Benefits of This Approach
- Clean testing environments: Each version’s behavior is isolated and easy to audit.
- Structured QA: No more vague "feels better" judgments — you get concrete metrics per run.
- Faster iteration: Developers can deploy, test, and compare changes with clear feedback.

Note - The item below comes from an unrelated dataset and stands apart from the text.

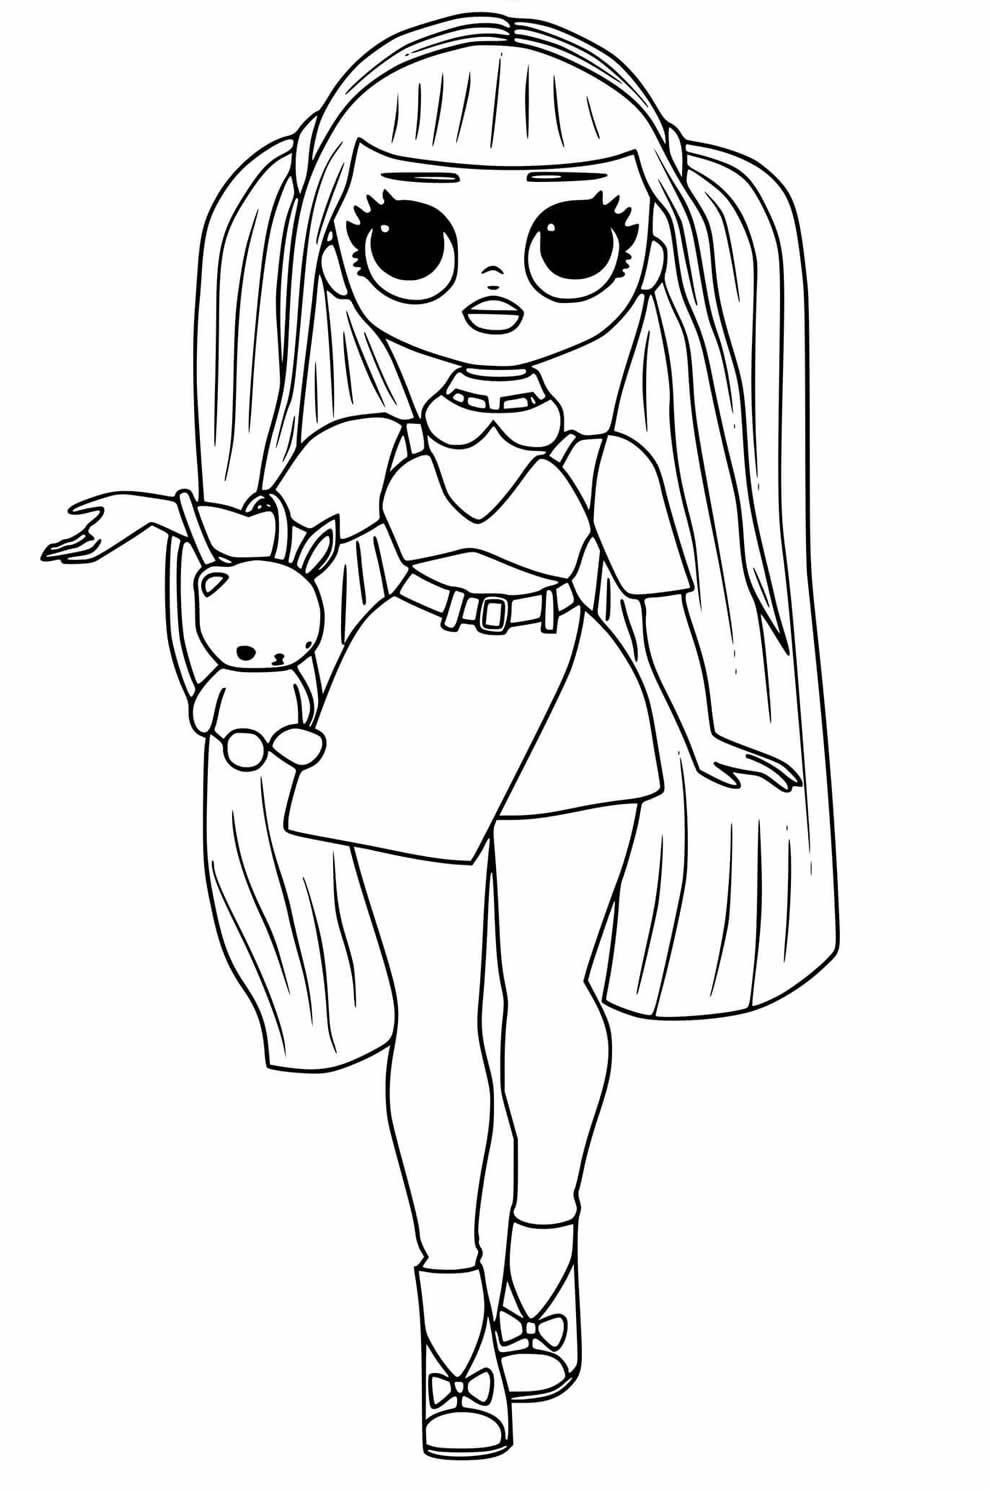 Desenho da Boneca LOL adolescente para pintar
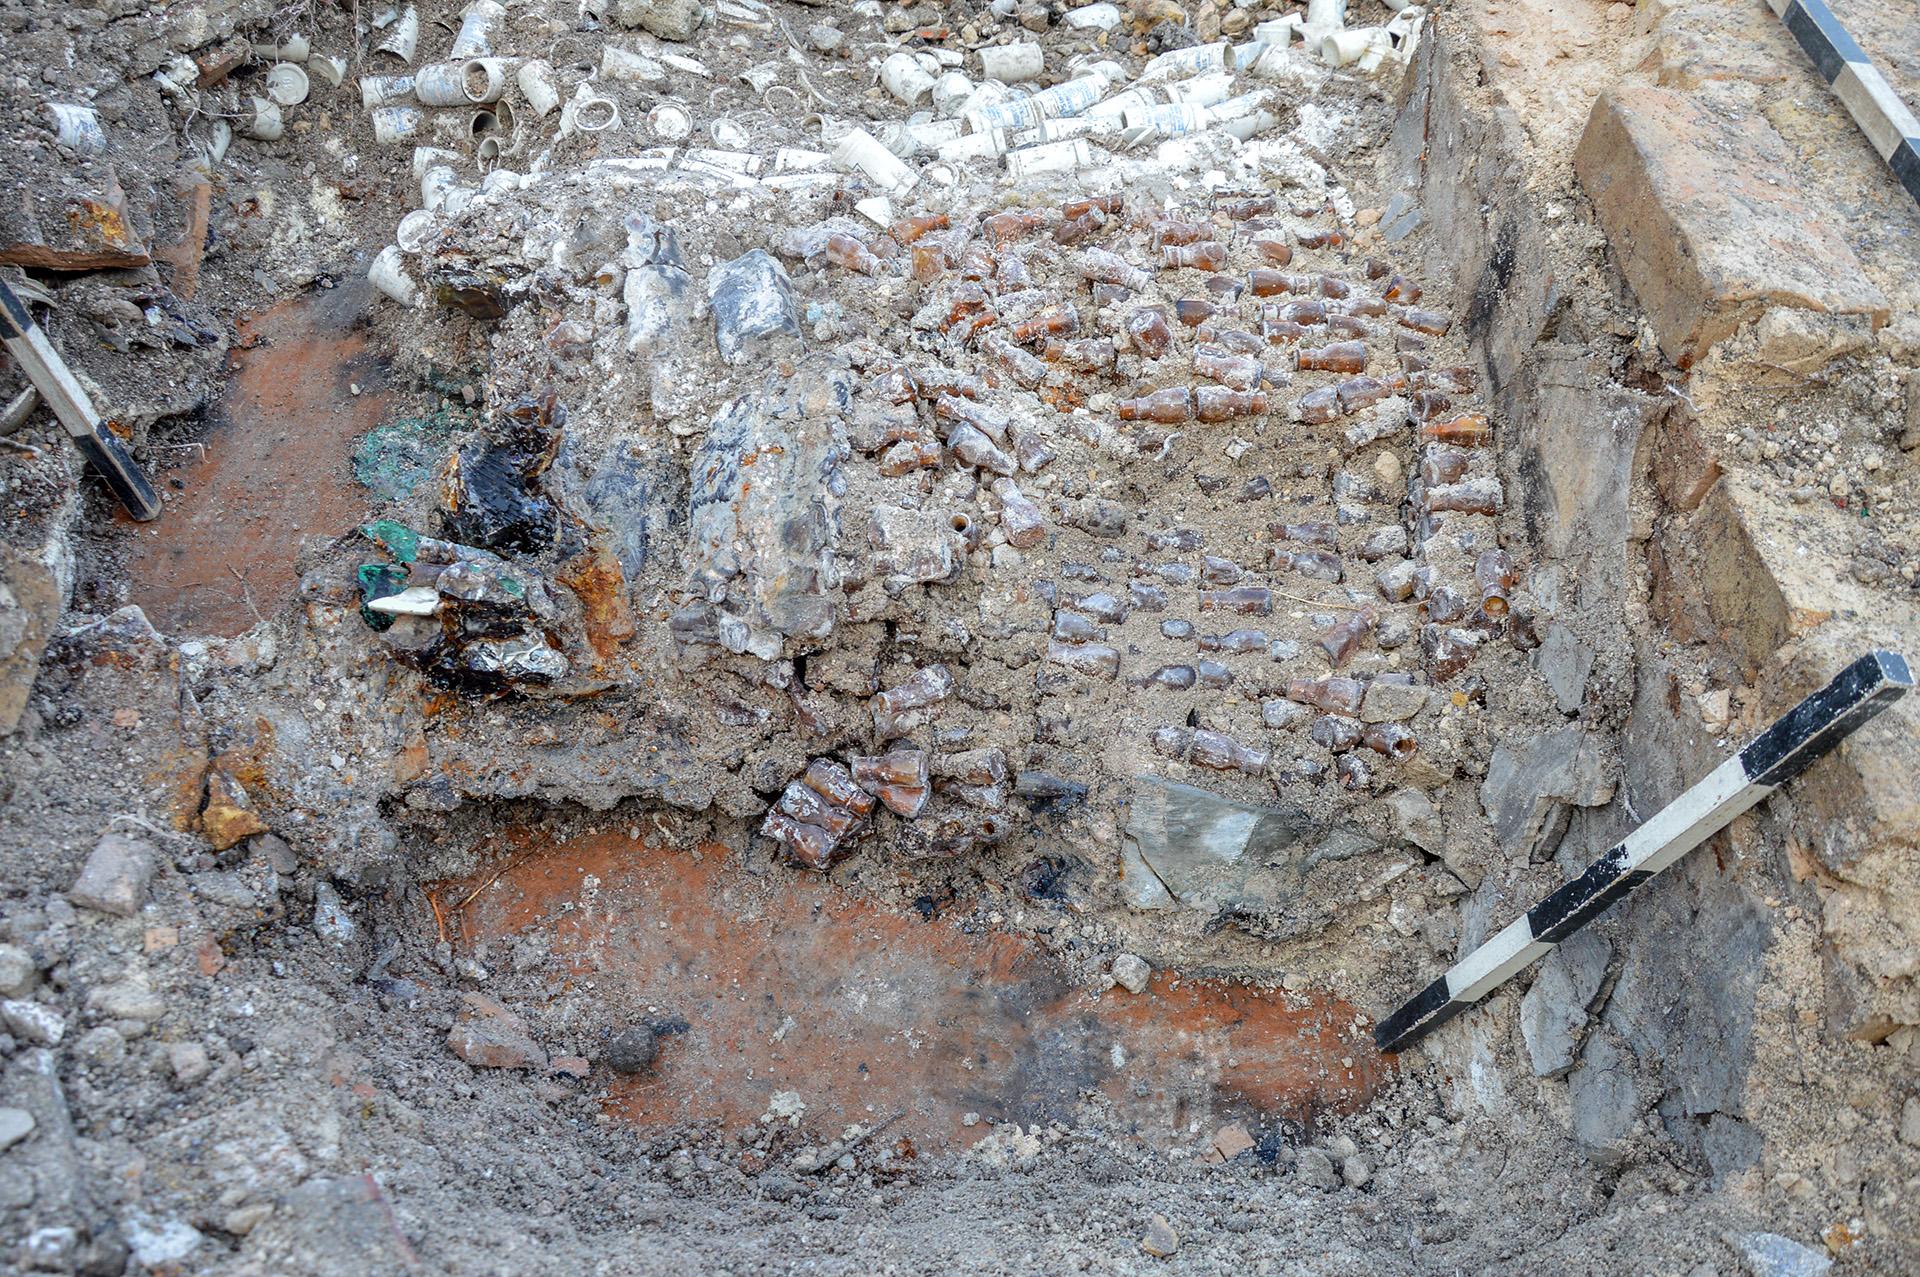 Zahlreiche durch Hitze verschmolzene Glasampullen lagen ordentlich gestapelt auf dem Kellerfußboden

- Safe experimentation: Riskier prompt or tool changes can be tested without disrupting existing production agents.
Who This Is For
This workflow is especially useful for:
- AI/ML developers testing variations of prompt-engineered agents
- QA engineers tasked with validating the safety and accuracy of agent responses
- Product teams looking to ship new agent behavior confidently and with supporting evidence
Final Thoughts
Testing AI agents requires more than just manual review. By separating agent versions using database branches and logging structured QA data, teams gain visibility into behavior differences. This makes experimentation safe, comparisons measurable, and releases more confident.
Start small with two branches, test your agent changes independently, and grow from there as your AI agent ecosystem evolves.